I've searched through many threads and various Google searches, tried any remedies I came across and cannot fix this issue. Please help me before I throw this phone against the wall in frustration.

I noticed today that the three or four emails I've tried to send in the past week never arrived in the recipients inbox. I've also noticed, over the course of this week, that any emails I view and delete don't carry over to my actual GMail inbox. So, when I pull it up on the web, all the email I deleted is still there. BUT, I still get new emails on my phone. So, it seems to be only half syncing...if that makes any sense. Any email I send just says "sending..." and stays in my Outbox forever.

Remedies tried: Checked to make sure Gmail is syncing. I checked through "My Accounts", I checked through account settings inside GMail, and I checked in the Battery/Data section as well. Deleted GMail Cache & Data, then I deleted GMail when that didn't work, then I deleted the cache, data, GMail and ran a cache cleaner on my entire phone when that didn't work. When even that didn't work, I tried installing Chevy's Steel Droid ROM thinking I might have screwed up the system. Didn't work. Heck, I even Fastbooted the new 6.890 system this weekend after GMAIL started acting up but BEFORE I realized what was going on, and it didn't work. To top it all off, I factory reset my phone...NOTHING!

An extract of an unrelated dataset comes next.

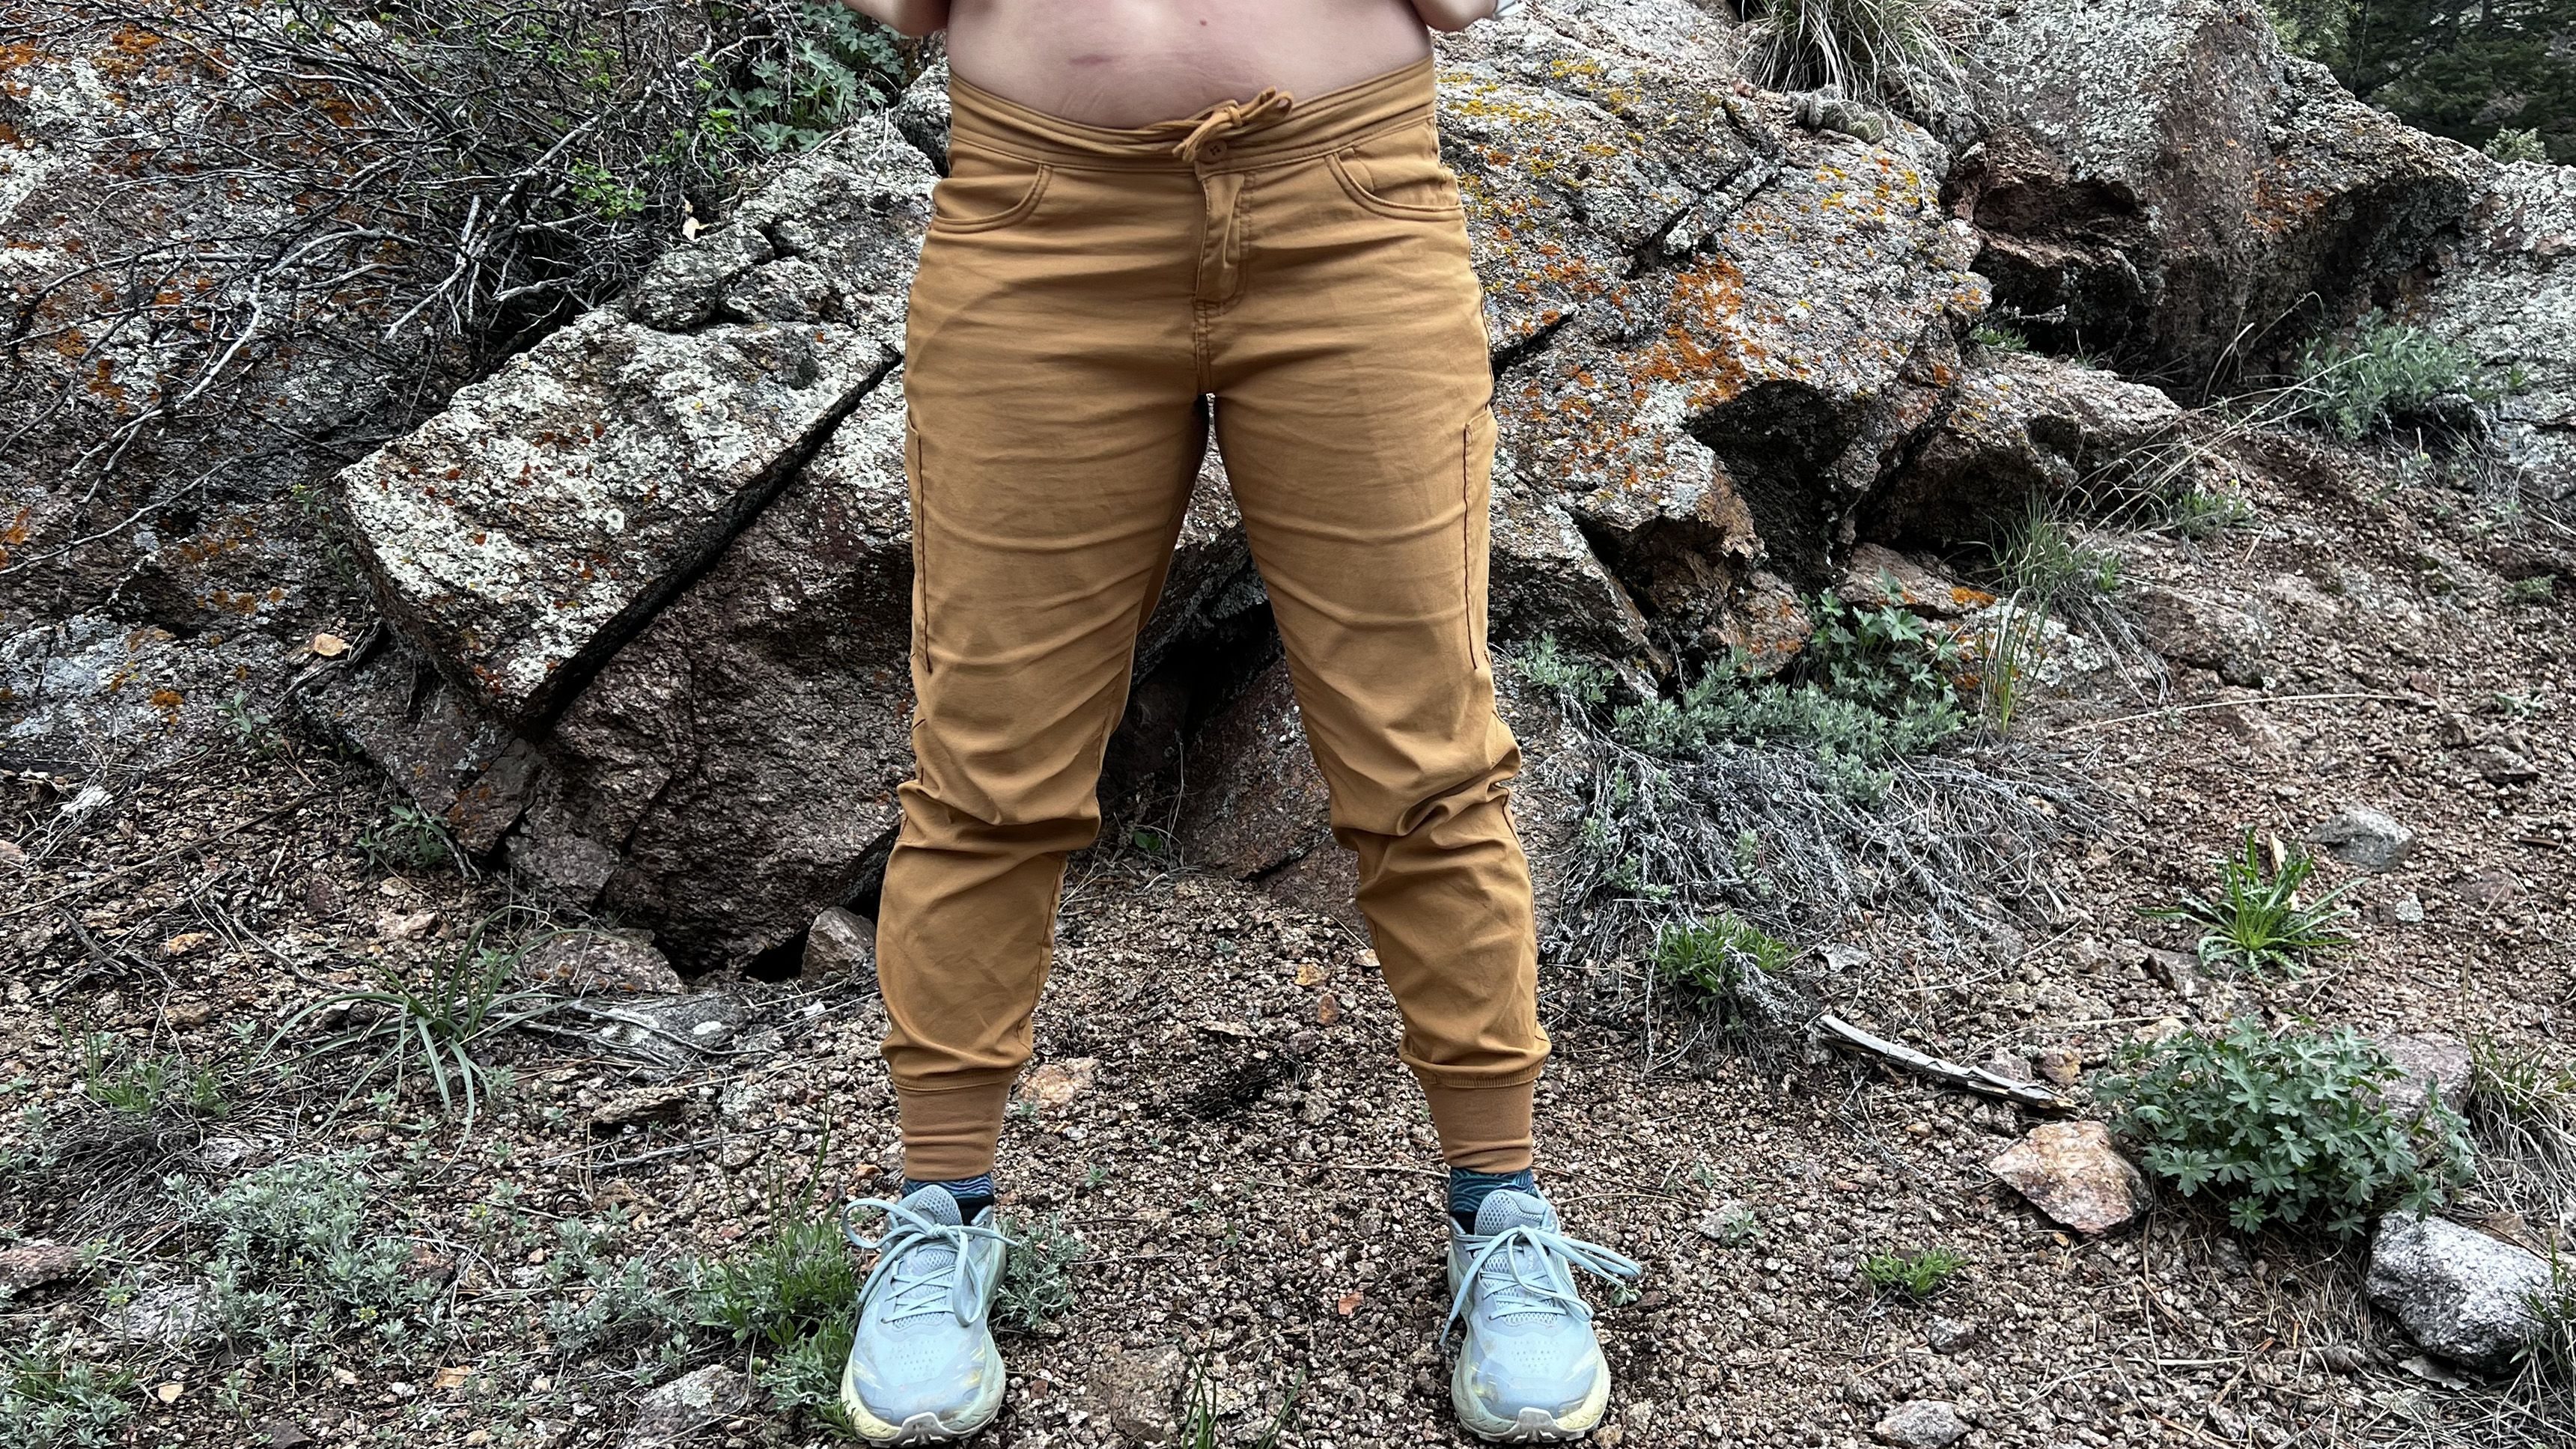 Prana Halle Jogger II review: Style from trail to town | CNN Underscored

WTF is going on here!?!?!? FUUUUUUUUUUUUUUUU GMAIL!!!!!!!!


----------



## bp328i

I have had this issue several times in the past, last time was this week and what has always worked for me was going into settings - applications - manage applications - gmail and clearing data from there.

Good luck...


----------



## dtdlurch

What is the attachment size limit for GMail?


----------



## msjohnson2868

bp328i said:


> I have had this issue several times in the past, last time was this week and what has always worked for me was going into settings - applications - manage applications - gmail and clearing data from there.
> 
> Good luck...


This works. Had this issue a few times after flashing roms on my Droid X. You will have to resend the ones that didn't go...I think you can see that they still say sending or show up in drafts, but don't think you can access them.

Sent from my DROIDX using Tapatalk


----------



## darkbug

I have had that happen on 2 different phones with the same version of gmail... Clearing data seems to do the trick


----------



## dburg

Yeah this happens to me as well. I just use the email application. Seems to be more reliable

Sent from my Nexus One using Tapatalk


----------